FIG. 1 is a flow diagram of a vehicle trajectory prediction method based on spatiotemporal attention and multi-level LSTM information expression in accordance with one embodiment of the present invention;
FIG. 2 is an overall architecture diagram based on a spatiotemporal attention model and multi-stage LSTM trajectory prediction, according to one embodiment of the present invention.
Detailed Description
Various exemplary embodiments of the present invention will now be described in detail with reference to the accompanying drawings. It should be noted that: the relative arrangement of the components and steps, the numerical expressions and numerical values set forth in these embodiments do not limit the scope of the present invention unless specifically stated otherwise.
The following description of at least one exemplary embodiment is merely illustrative in nature and is in no way intended to limit the invention, its application, or uses.
Techniques, methods, and apparatus known to those of ordinary skill in the relevant art may not be discussed in detail but are intended to be part of the specification where appropriate.
In all examples shown and discussed herein, any particular value should be construed as merely illustrative, and not limiting. Thus, other examples of the exemplary embodiments may have different values.
It should be noted that: like reference numbers and letters refer to like items in the following figures, and thus, once an item is defined in one figure, further discussion thereof is not required in subsequent figures.

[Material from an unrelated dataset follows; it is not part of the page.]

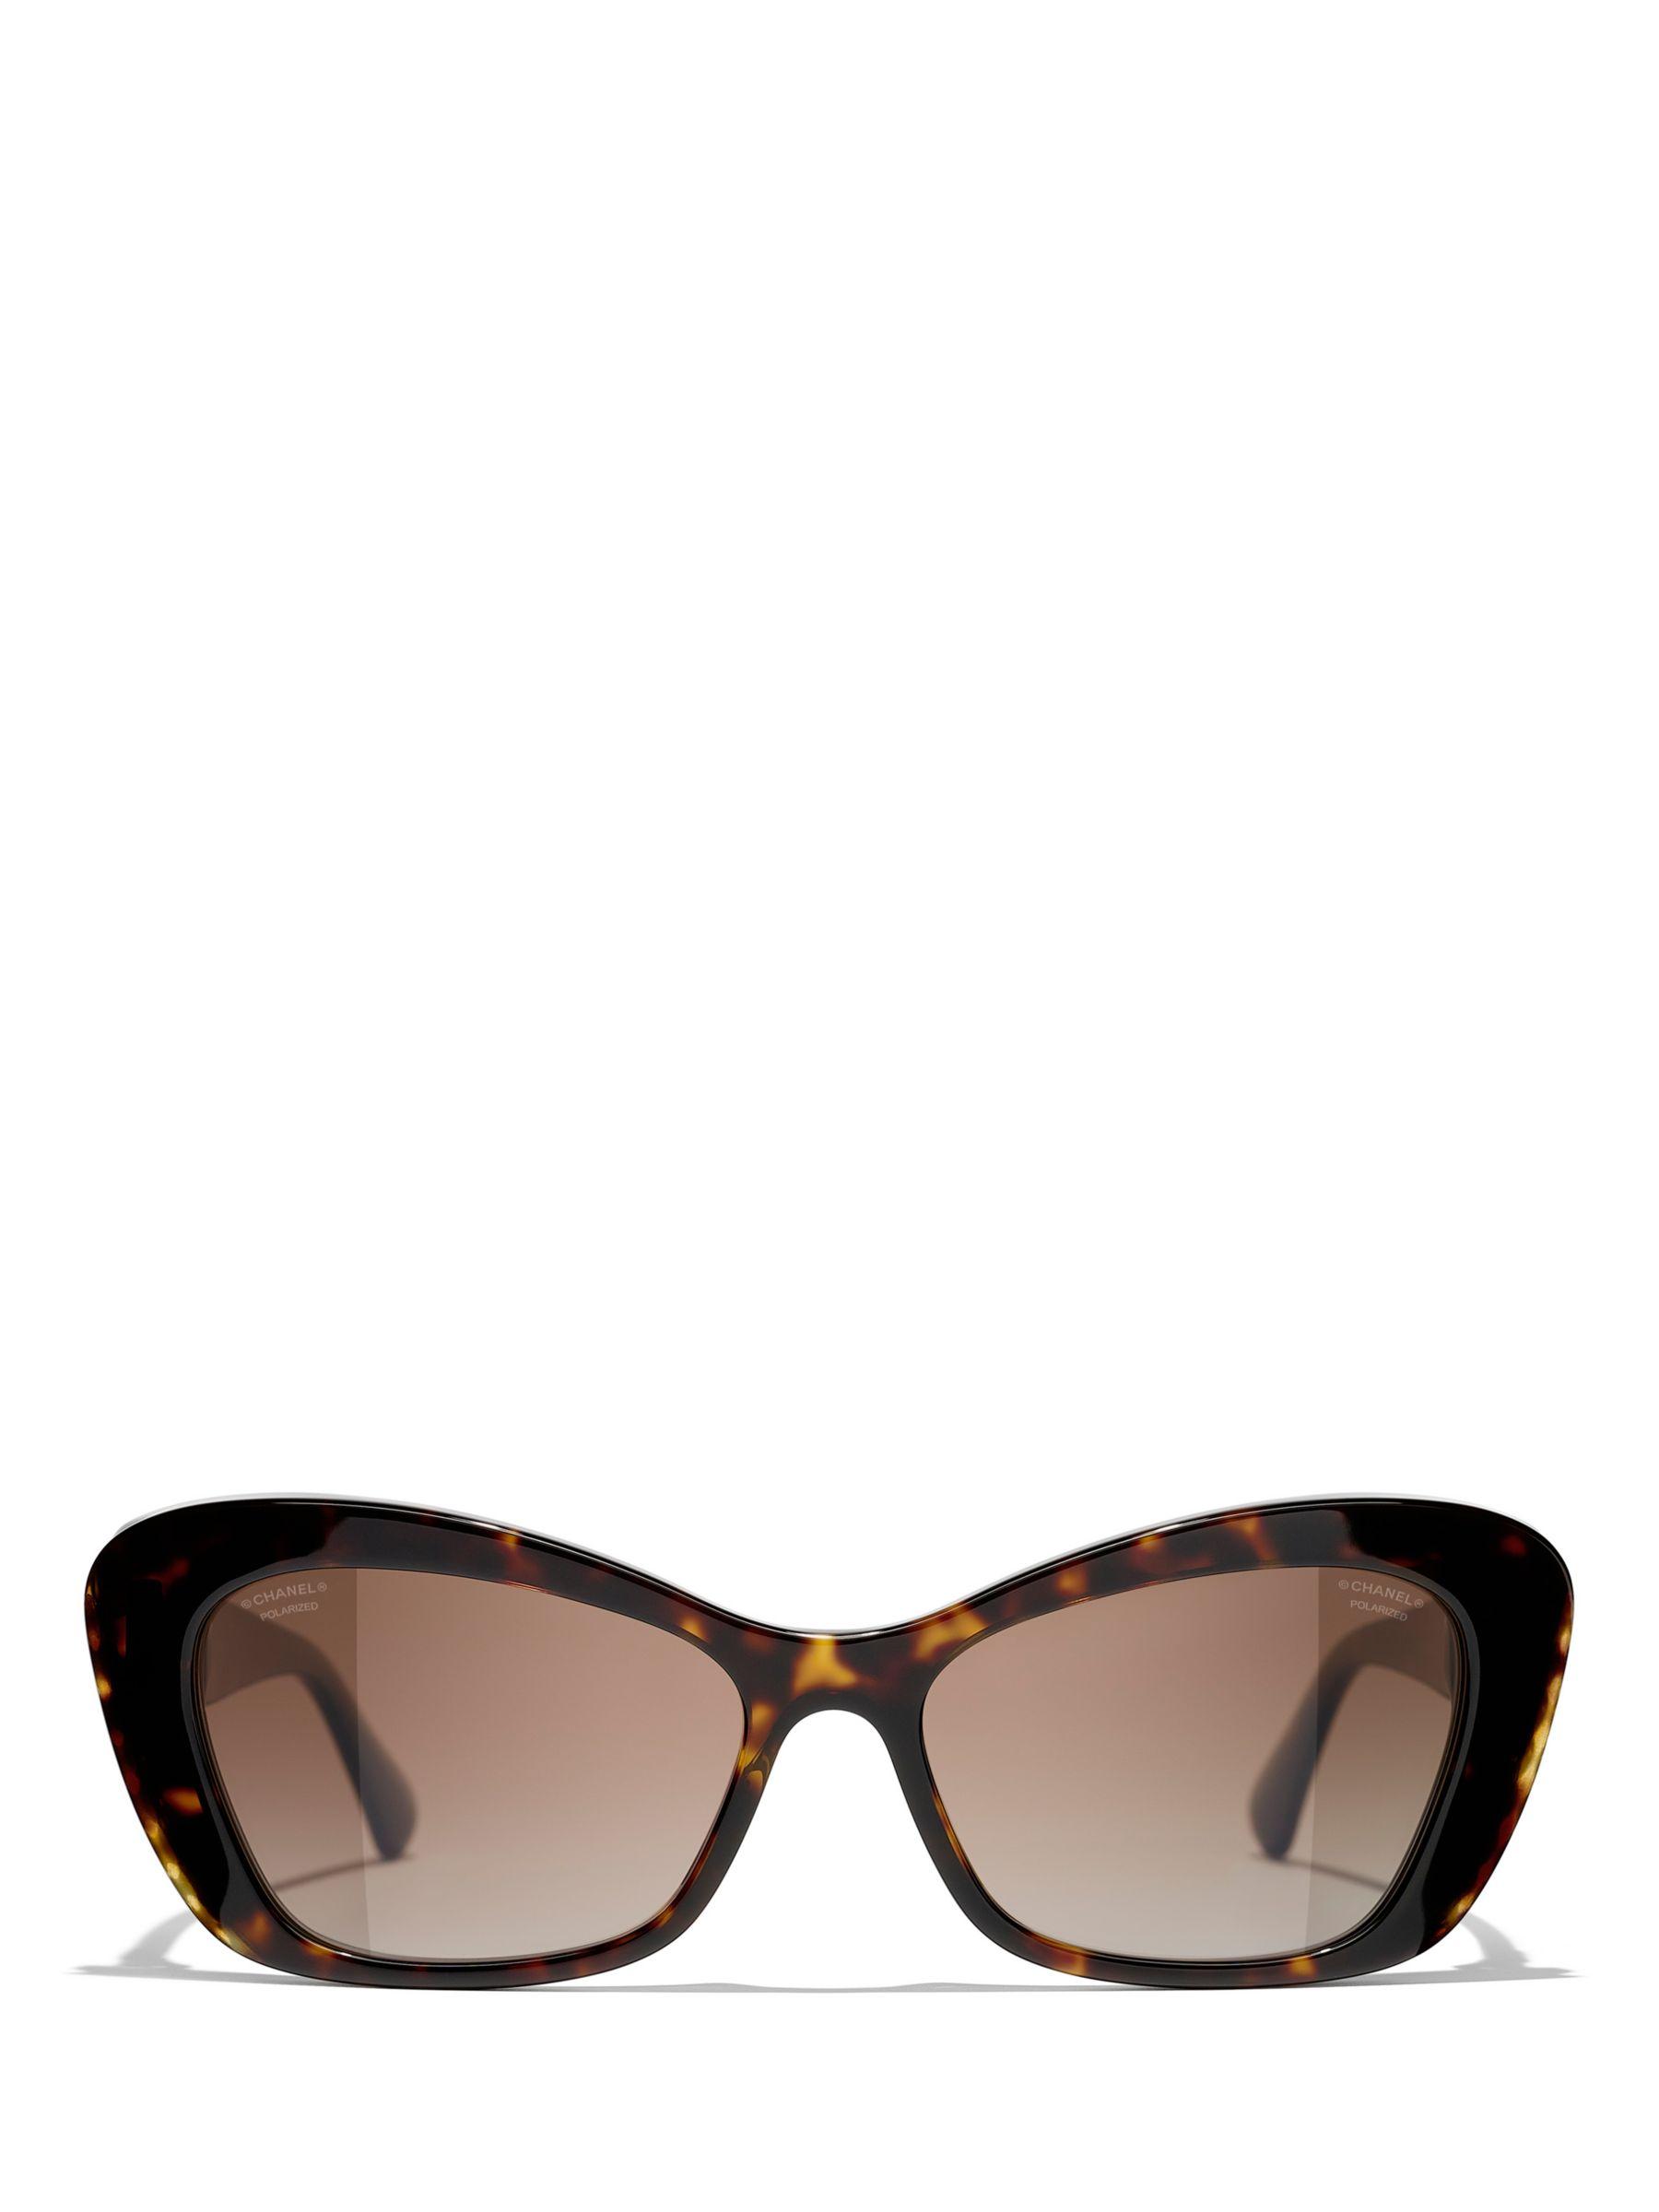 Chanel Butterfly Sunglasses Ch5481h Dark Havana/brown Gradient

Aiming at the problem that the correlation interactivity between a vehicle and surrounding vehicles is difficult to be comprehensively captured by the current vehicle track prediction and the problem that the correlation between time and space is insufficient in the existing research, the invention provides a vehicle track prediction method based on the information representation and the correlation prediction of space-time attention and multi-stage long-short term memory (LSTM). In short, the invention comprehensively considers the space positions and the moving tracks of the obstacles and the vehicles, constructs a graph convolution network model based on a space-time attention mechanism, designs a coder-decoder based on an LSTM algorithm as a main part, analyzes the moving track of the obstacles, and combines the historical track of the obstacles and the interaction relation between each object and the vehicles to achieve the effect of accurately predicting different tracks. Because the space-time attention mechanism can simultaneously represent the time and space reasoning activities of the area needing attention and the node (node) sharing parameters, excessive parameters are avoided, and the prediction precision and the running speed are improved.

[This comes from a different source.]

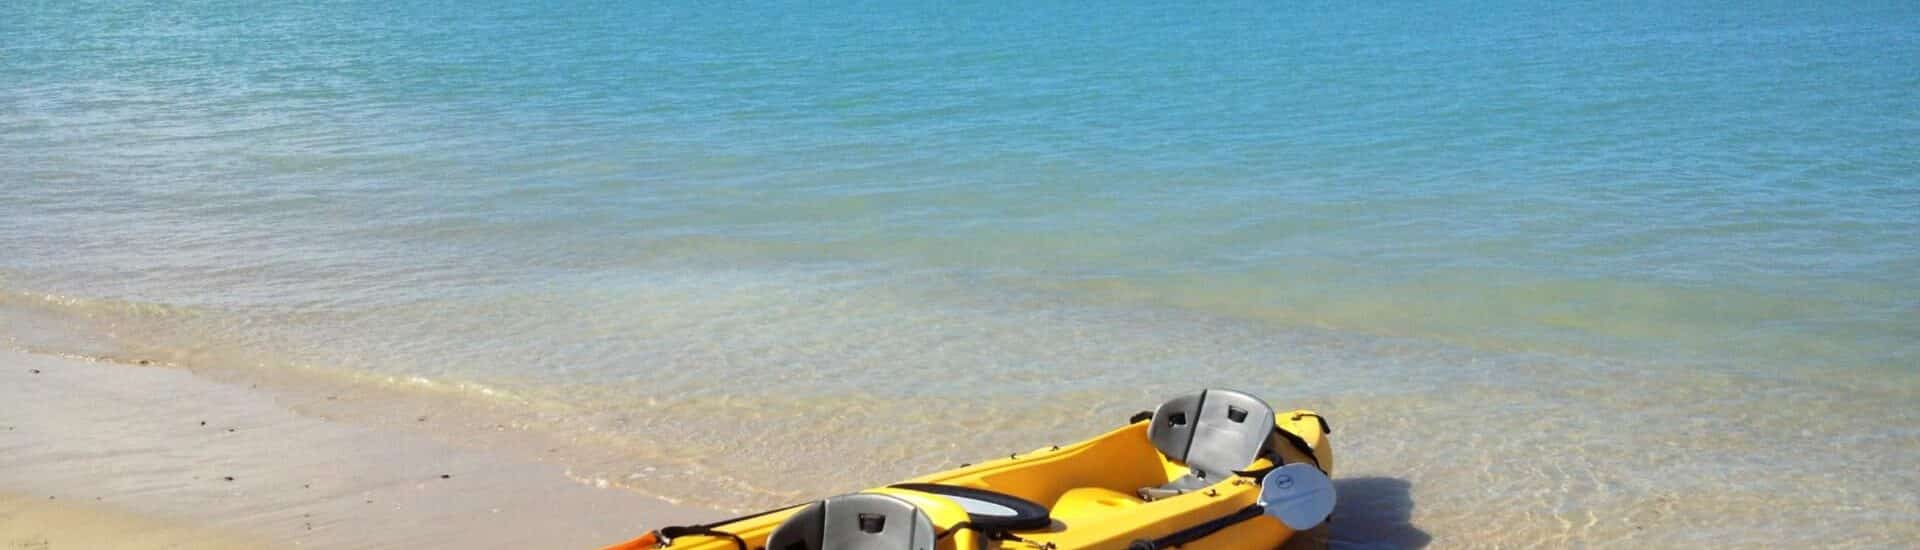 Kayak amarillo en la playa de arena blanca con agua azul al fondo

Specifically, referring to fig. 1, the vehicle trajectory prediction method provided by this embodiment includes the following steps:
step S110, a sample data set is constructed based on vehicle running track information and the space-time diagram information of the road condition where the vehicle runs, wherein the space-time diagram information is used for representing the position information of the vehicle and the surrounding targets in a preset time period and the spatial relationship of the vehicle and the surrounding targets along with the time.

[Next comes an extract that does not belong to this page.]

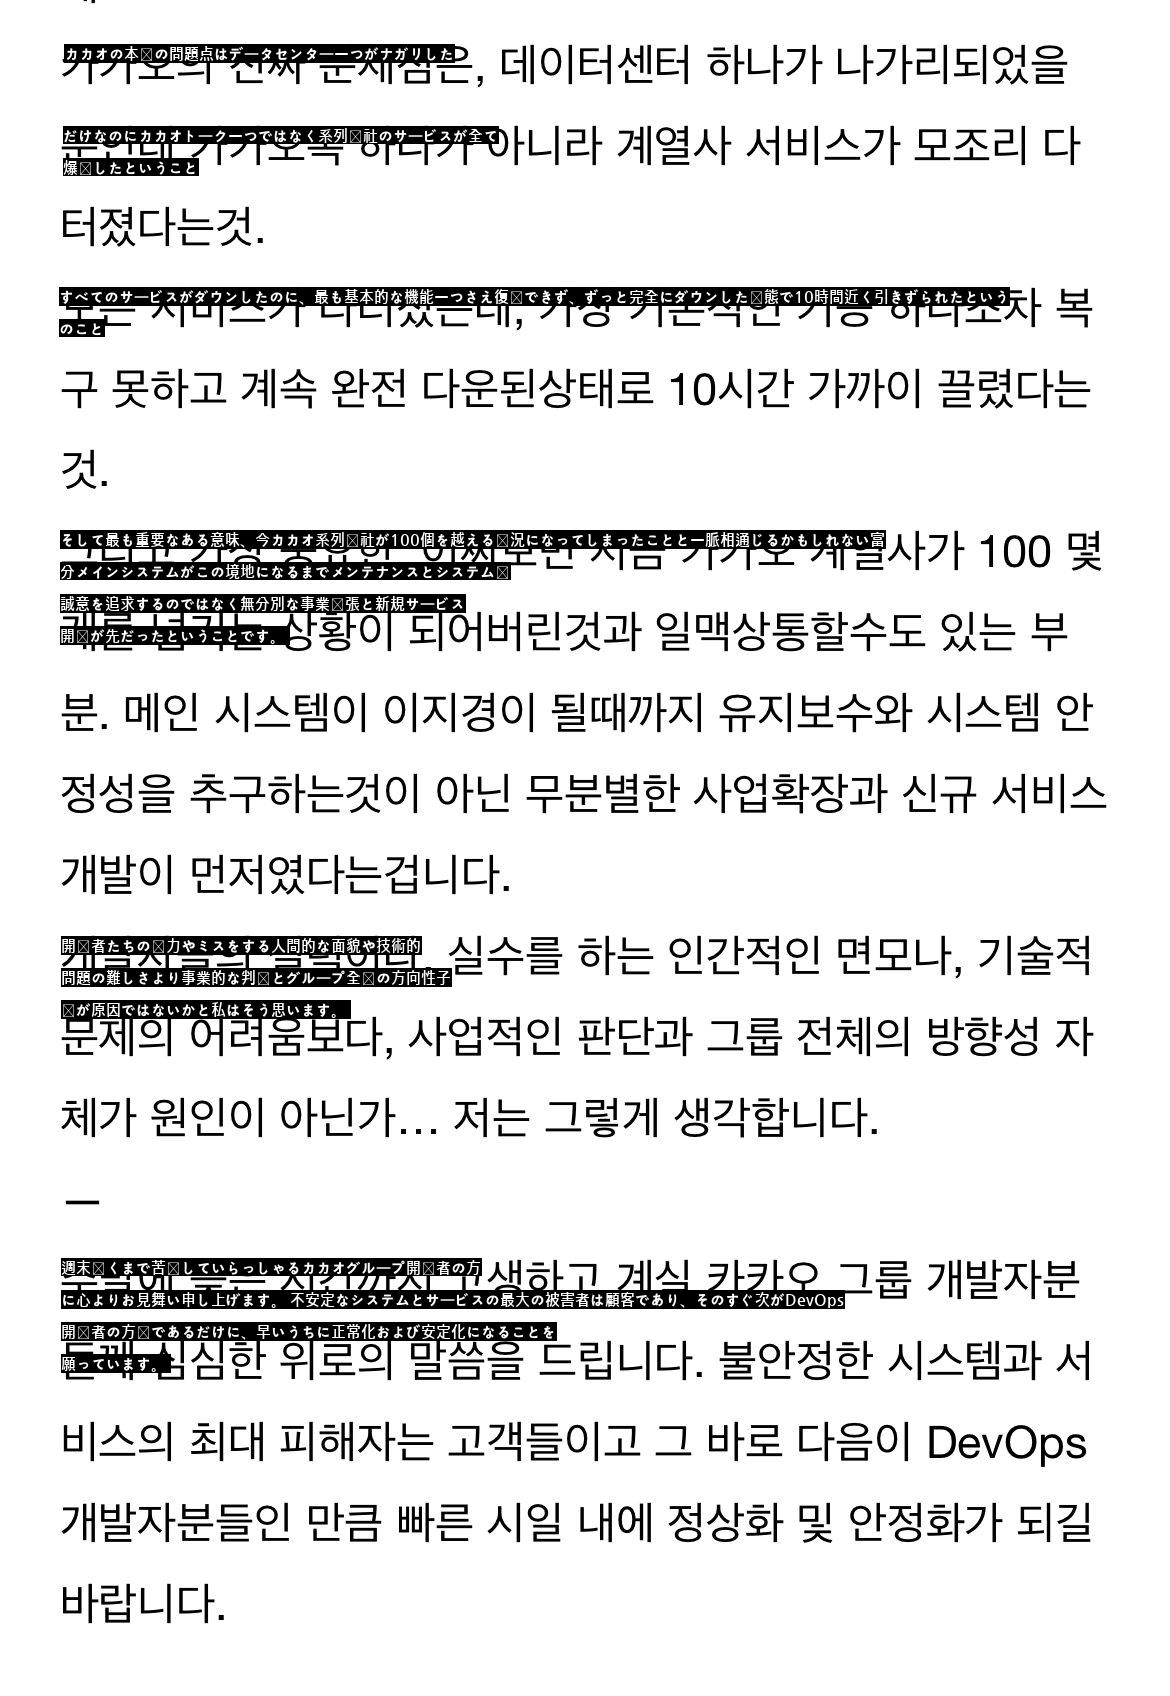 韓国オラクル職員の今回の事態に対する一針

The invention takes the starting point that the prediction of the running track of a target vehicle is obtained by training a track prediction model based on the space-time diagram information and the corresponding motion information among multiple targets, and preferably takes the prediction model combining a space-time attention mechanism and a multi-stage LSTM codec as an example for explanation.
For example, a trajectory prediction model is trained and validated on a sample data set consisting of trajectories of real highway traffic. Specifically, each data set was captured at a frequency of 10hz within 45 minutes. Each data set had 15 minutes of light, medium and congested traffic conditions. The data set provides vehicle coordinates projected to a local coordinate system, dividing the entire data set into a training set and a test set. The test set is from 3 subsets of the US-101 and I-80 data sets, and one-fourth of the trace data is selected from each subset as the test set. In one embodiment, the edge set and the point set are semantically divided based on the two data sets, so that the data sets are constructed into a space-time diagram, and then the characteristics are extracted through a network model, and finally the trajectory prediction of the vehicle is realized.
In the description herein, trajectory data is data sampled from the course of motion of a moving object (including vehicles and obstacles) and is used to characterize the position, time, speed of motion, etc. of the moving object. The motion tracks are obtained by sequencing according to the running time sequence and can be used for reflecting the motion trends of time dimension and space dimension.
Step S120, training a track prediction model by using the sample data set, wherein the track prediction model comprises a multi-stage LSTM codec and a space-time attention module.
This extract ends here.